We used the time measure of a high precision eye-tracker from Sensomotoric Instruments SMI RED250 to validate time measurement in BoXS. Specifically, we wrote a program that sends time stamps from BoXS to the eye-tracker and to record the timing of these stamps in BoXS as well. The times recorded by the eyetracker and in BoXS on average deviated by 0.2 ms and the maximum difference observed was 4.2 ms. Hence, time measurement in BoXS can be considered to be very precise and valid. At the same time, this validation shows that measurement in BoXS and in external eye-trackers is very well synchronized.

In a second validation study, we investigated the precision of stimulus presentation in BoXS. Stimulus presentation is naturally limited by the refresh rate of the monitor in that stimuli cannot be presented shorter than the time which the monitor needs to overwrite the previous display. Many of the programs for local experiments with individual participants such as PsychoPy or DirectRT have the ability to control stimuli on the level of single display frames. BoXS does not have this capability, so that lower precision in timing can be expected. In the validation study we presented stimuli (numbers vs. pictures from IAPS (Lang, Bradley, & Cuthbert, 2005)) for durations of 20, 50, 100, 200, 500, and 1,000 ms each 200 times using the waitTime function of BoXS. We measured the (validated) time after each presentation and calculated time differences to infer presentation time.

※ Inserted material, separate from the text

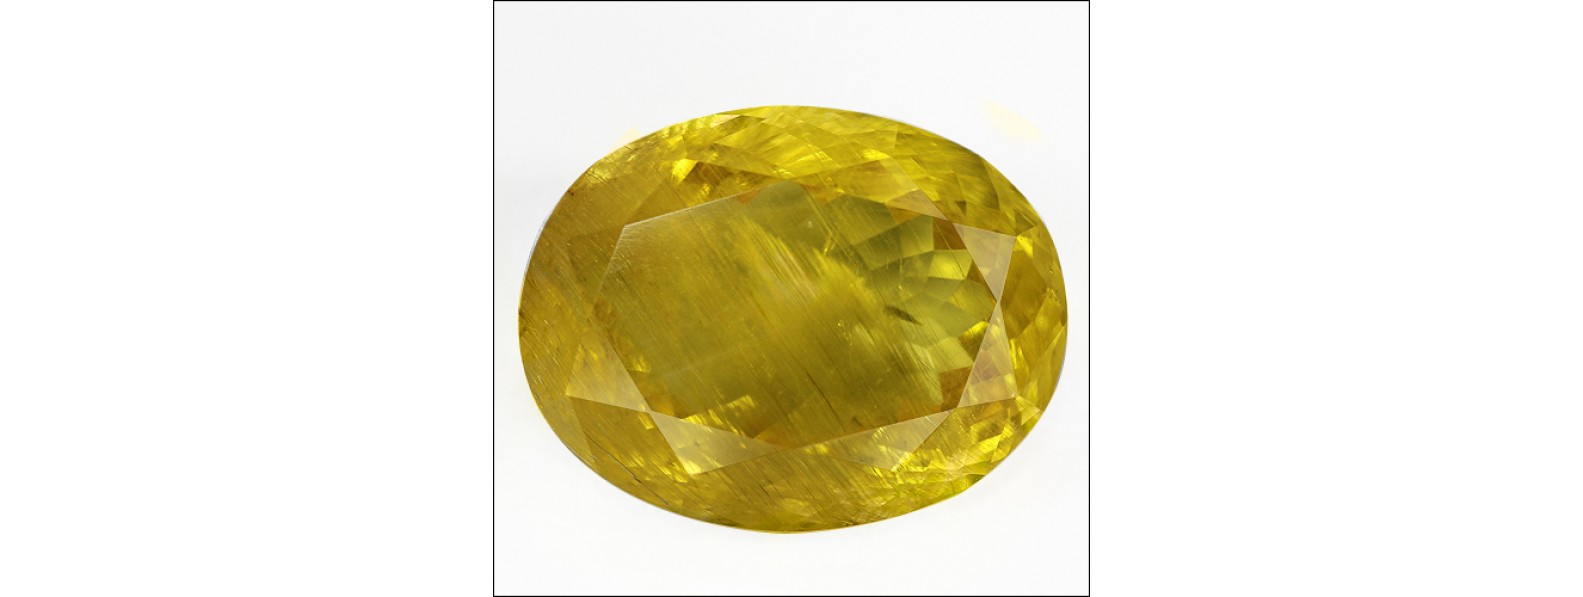 Buy best quality natural Danburite gemstones | Buy Danburite Stone Online - Gempiece

The differences were on average 1.6 ms larger than the programmed durations (SD = 1 ms) with a range of deviations between 0 and 16 ms. Note that our measurement includes time for stimulus presentation plus processing some lines of code so that a positive deviation could be expected. The time for presenting IAPS pictures was 0.16 ms longer than the time for presenting numbers, thus complexity of the stimuli did not make a noticeable difference for presentation time. Hence, overall the waitTime function can be considered to work very precisely for timing stimuli.

Although the second validation study shows that stimulus timing in BoXS is very precise this does not necessarily mean that the true presentation duration is precise as well since the stimuli might be timed for presentation but still not be shown for the correct time on the screen. Most importantly, for very short presentation times the interplay between hardware and software could lead to the fact that stimuli are not presented at all. We conducted a third validation study in which we presented stimuli for 50, 80, 100, and 200 ms with an intertrial interval of 1,000 ms on a laptop with a 50-Hz display. Visual inspection showed that only very few stimuli were actually presented at 50 ms, some stimuli were omitted for 80 ms, and essentially all stimuli were shown for 100 ms and beyond. The presentation time was noticeably longer for 200 ms as compared to 100 ms, although the precise actual presentation duration on-screen could not be measured further. Given this result, BoXS cannot be used for priming below 100 ms, such as subliminal priming. Furthermore, taking 50 ms as the threshold for the time necessary to present stimuli on the screen, arguably screen presentation time could be considered to be precise ±50 ms.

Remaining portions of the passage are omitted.